Just to the west is the Circus of Maxentius, built to seat 10,000 but never used. Gradually filled, it was excavated in 1825 at the expense of Prince Torlonia, who owned the estate on which it stood. In the middle distance, surrounded by grass, is the spina, around which chariots were intended to race. It was once decorated by the obelisk that stands now in the Piazza Navona.
Back in central Rome, we're looking west across the Tiber at the Castel Sant'Angelo. The core was erected in 136-139 as a mausoleum for Hadrian and his family. Like the tomb of Cecilia Metella, it was faced with marble. All the succeeding emperors through Caracalla (d. 217) were buried here. Like Cecilia Metella's tomb, this one became a fortress in the Middle Ages--the citadel of Rome. The modern name comes from the Archangel Michael, whom Gregory the Great in the year 590 is said to have seen sheathing his sword here. About 610, Boniface IV erected the summit chapel to commemorate this vision. The statue of the bronze angel (1752) replaced an earlier one of stone, which replaced a statue of Hadrian atop a smaller circular colonnade. The pentagonal wall was added in the 1620s by Urban VIII. Italy's Royal Engineers were housed here from 1870 until 1900.
Downstream a mile but only a thousand feet west of the forum is the one remaining arch of the Pons Aemilius, built in 181 B.C. and the first stone bridge across the Tiber.

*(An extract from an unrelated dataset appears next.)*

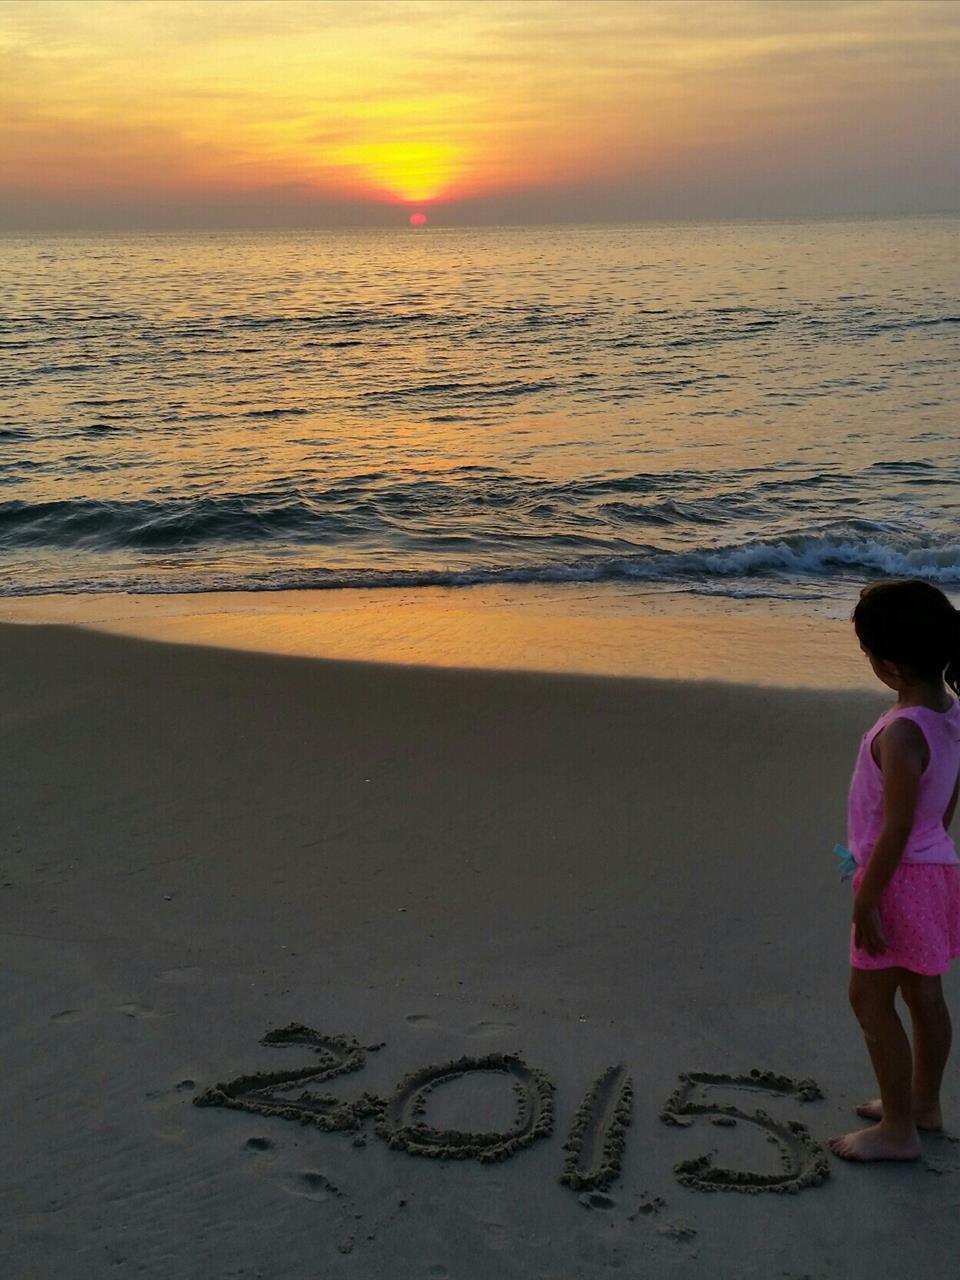 July 2015 Stay - JR248 - Sea & Sons, Heather Work

The rest of the bridge was destroyed during a flood in 1598, when the vestige became known as the Ponto Rotto, or "rotten bridge."

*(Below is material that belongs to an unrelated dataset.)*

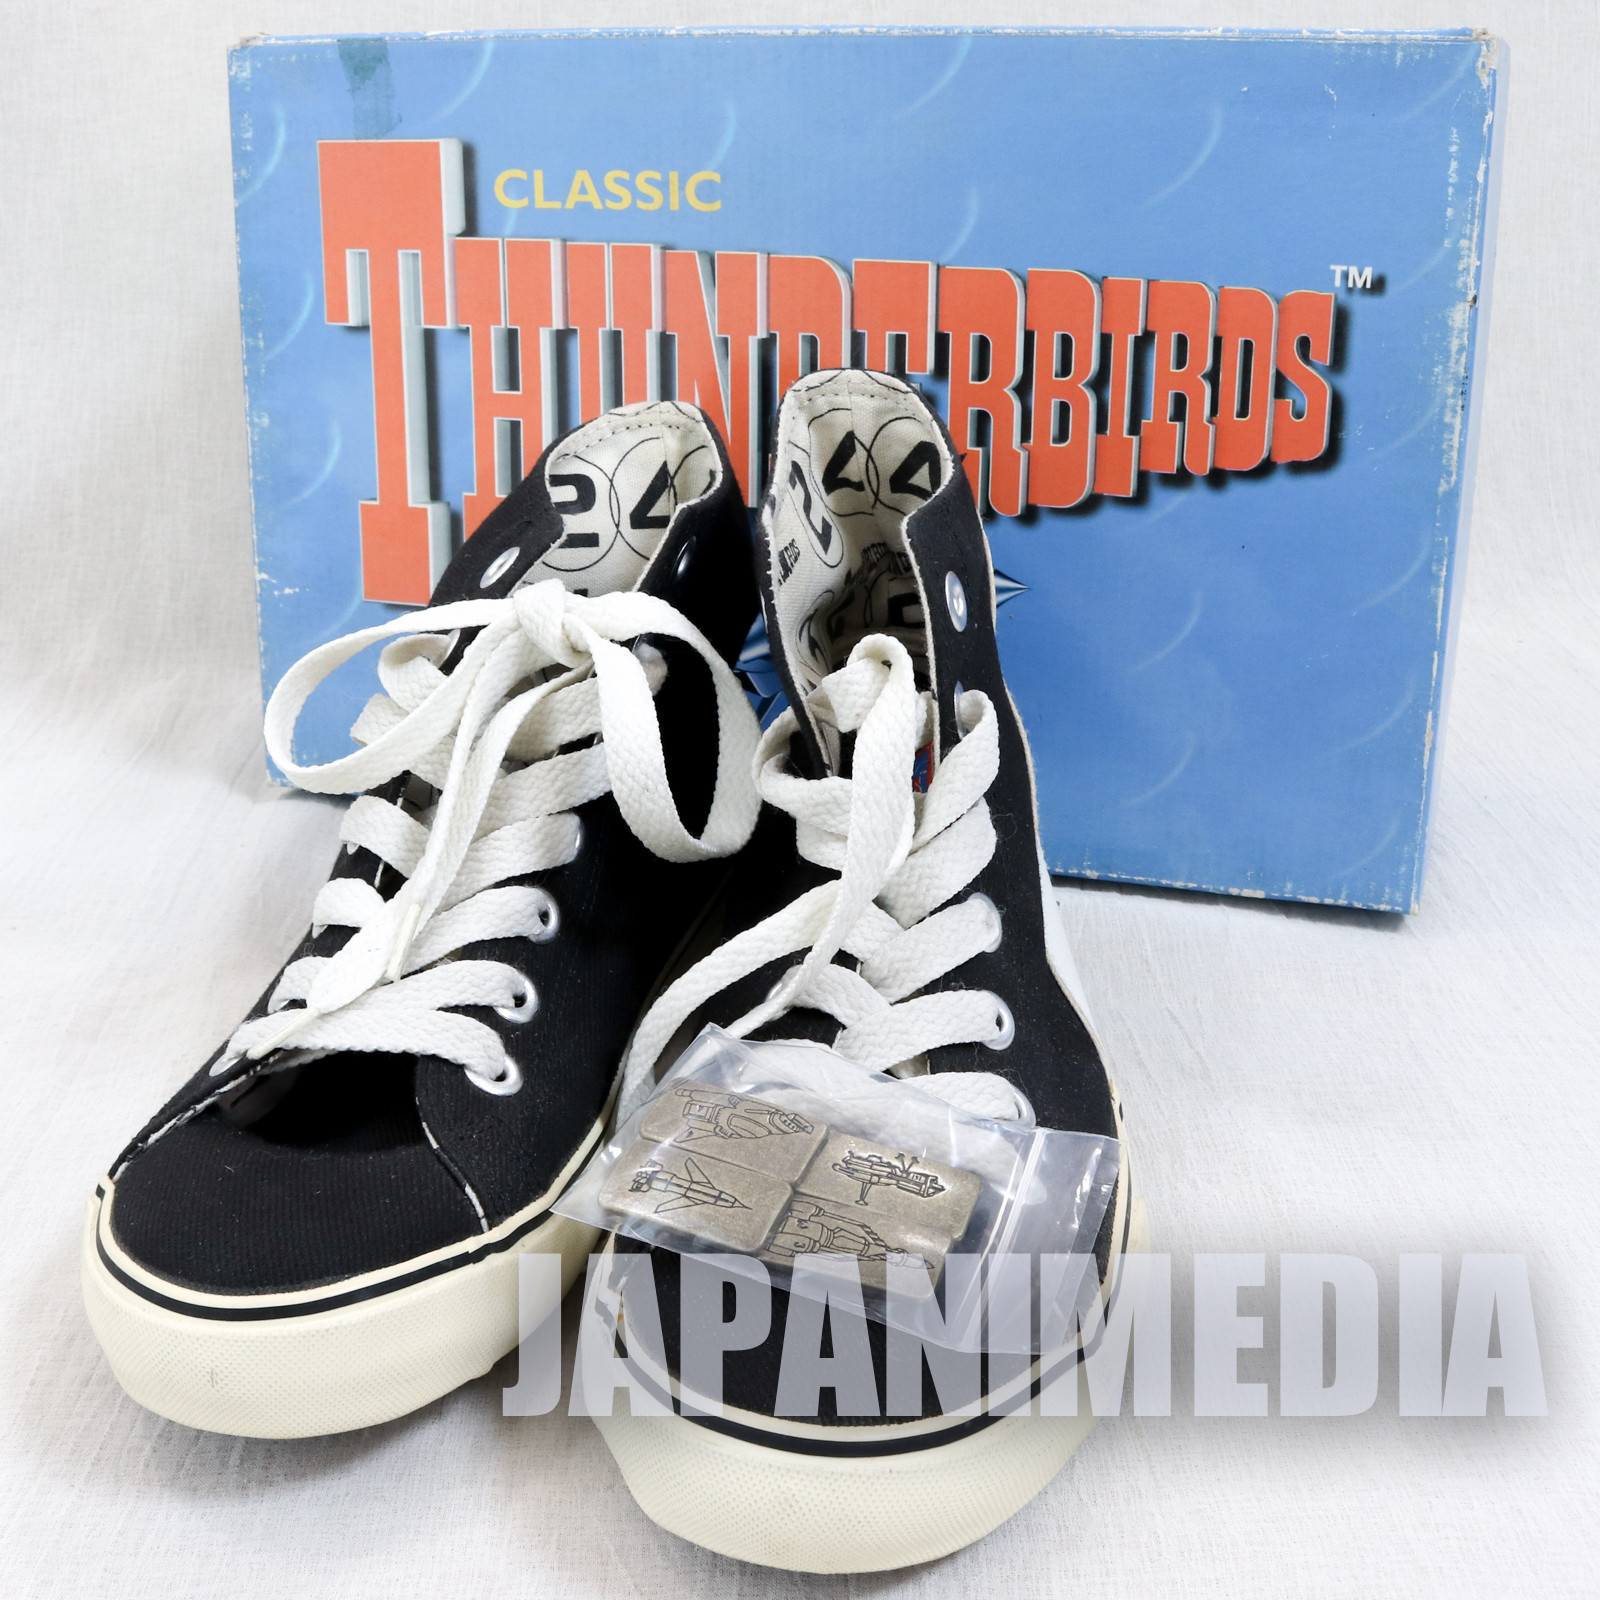 RARE! Classic Thunderbirds Sneakers Shoes Black Japan 24.0cm size

Bankside nearby, this is the Temple of Hercules Victor, from the 2nd century B.C. Like so many ancient structures, this was a church in the Middle Ages, which helped it survive. It was solidly built, too--of solid marble blocks, not the usual marble-slab facing. The tile roof is modern.
Next to it: the Temple of Portunus, from the late 2nd century B.C. and dedicated to the god of harbors. Restored in 1922, it had been a church from 792 and later adjoined an Armenian hospice.
Rising to the Capitoline, the Theater of Marcellus, completed by Augustus and named for his nephew. The rising sequence of orders is Doric and Ionic; a top tier, if consistent with the sequence in the Colosseum, would have been Corinthian. It has been privately owned since the 11th century, and its conversion to residential and commercial use has been deplored for a long time: Murray's Handbook of Rome (1894) complains that the theater is "disfigured by the dirty shops which occupy the lower tier of arches."
The Pantheon, roughly midway between the Roman Forum and Hadrian's Tomb, was begun in 27 B.C. by Marcus Agrippa, the son-in-law of Augustus, whose victory at Actium it was intended to celebrate. A lightning strike destroyed the temple, which was replaced by order of Hadrian, who also guided its design. The Pantheon was made into a church in 609 and lost its bronze-gilt roof tiles shortly thereafter. They were sent to Constantinople and replaced by lead.
That wasn't the only change. Originally, metal shafts rose from the capitals to the roof, but they were hauled off in 1632 and made into the canopy supports at St. Peters.
The ancient inscription is Hadrianic self-effacement, because it reads Marcus Agrippa, L.F. Cos. Tertium Fecit, meaning "Marcus Agrippa, son of Lucius, consul for the third time, had [this building] made." The metal letters were set in 1894: we're used to them now, but they were deplored at the time. The pediment relief is long gone. The columns, by the way, are single blocks of Egyptian granite, 46.5 feet high; the capitals and bases are marble.
The coffered dome--142 feet in both height and diameter--is of brick and mortar, not concrete. It is lit by an extraordinary 28-foot apical aperture or eye.
The paving, including this porphyry disc, is another contribution from Pius IX.